3. the method for editing text according to claim 2 based on feedforward sequence Memory Neural Networks, it is characterised in that: institute It states memory module to be tapped delay structure exports current time and the before hidden layer at moment and obtain one by one group of coefficient coding The expression of a fixation.

4. the method for editing text according to claim 2 based on feedforward sequence Memory Neural Networks, it is characterised in that: institute The operation for stating memory module uses the coding based on scalar or vector.

5. according to the method for editing text as claimed in claim 2 based on feedforward sequence Memory Neural Networks, it is characterised in that: described The coding of memory module introduces the stride factor.

6. a kind of text editing system based on feedforward sequence Memory Neural Networks, comprising:

Acquisition unit, the configuration urtext to be edited with acquisition；

Receiving unit；It is configured to receive editor's voice data；

Recognition unit is configured to use based on the progress of improved feedforward sequence Memory Neural Networks editor's voice data Speech recognition obtains edit commands；

Output unit is configured to carry out semantic understanding to the edit commands, executes the edit commands, output edit text This.

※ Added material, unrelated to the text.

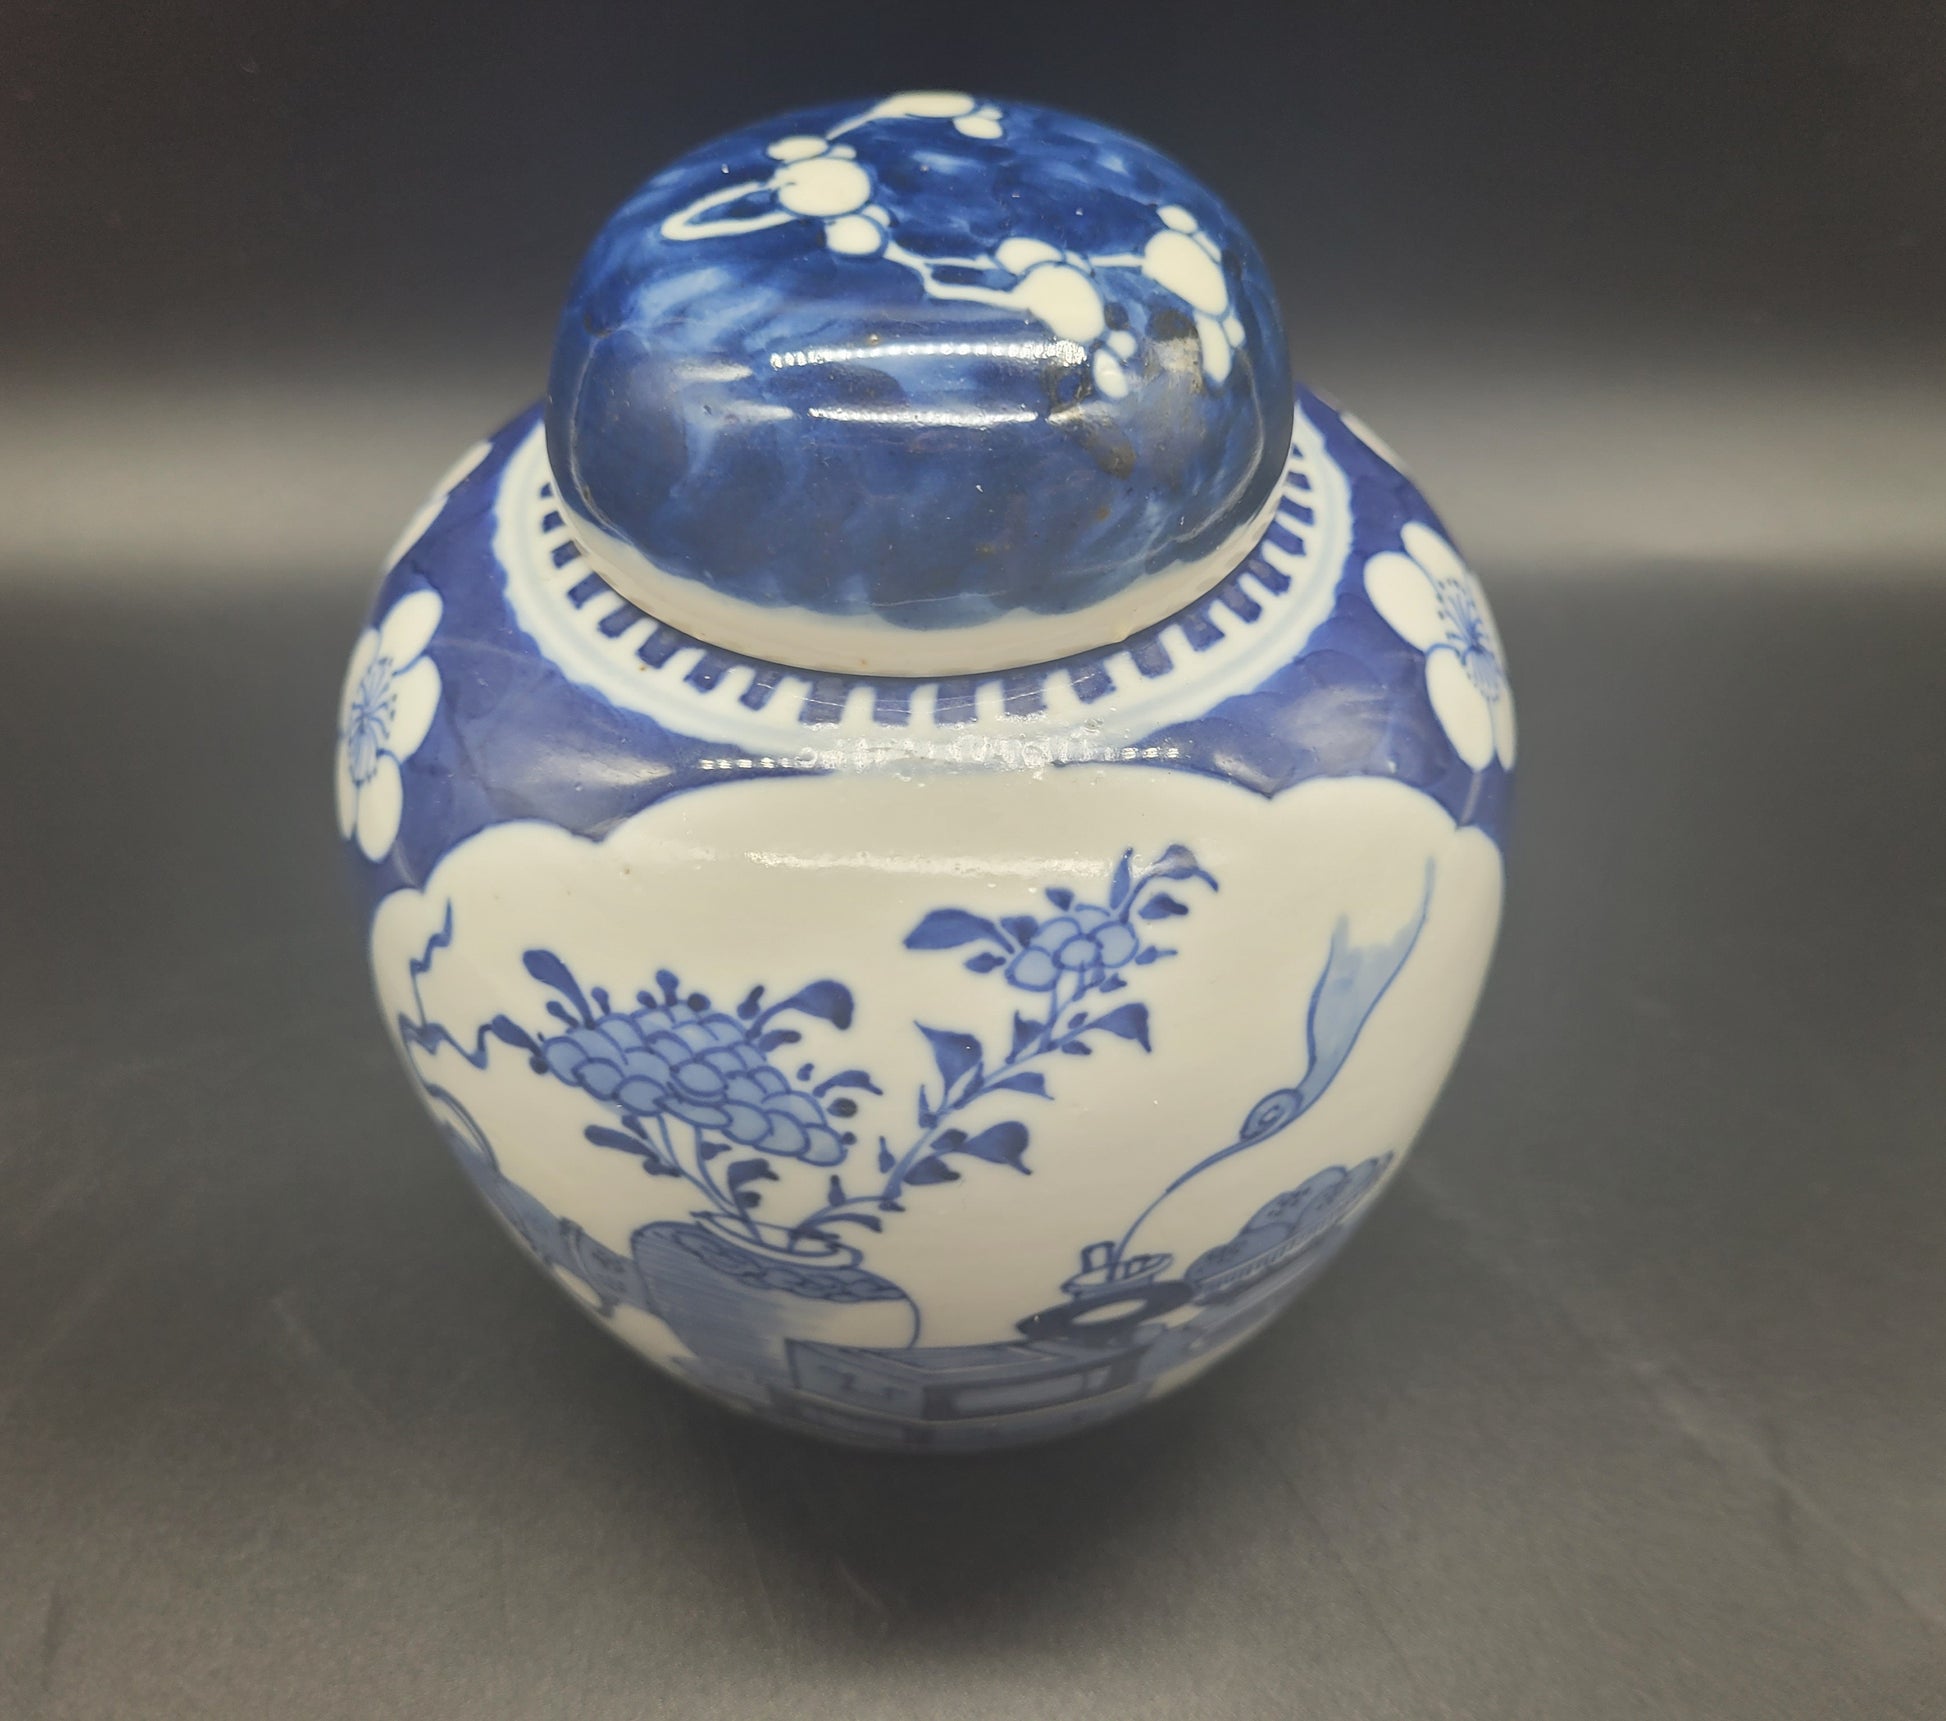 ANTIQUES ONLINE Hand Painted Chinese 19th Century Ginger Jar & Lid Decorated in the Prunus Precious Objects Pattern 4 Character Mark

7. a kind of equipment, the equipment include:

One or more processors；

Memory, for storing one or more programs,

When one or more of programs are executed by one or more of processors, so that one or more of processors A kind of method for editing text based on feedforward sequence Memory Neural Networks that perform claim requires the office 1-5 to state.

8. a kind of computer readable storage medium for being stored with computer program realizes that right is wanted when the program is executed by processor Seek a kind of any method for editing text based on feedforward sequence Memory Neural Networks of 1-5.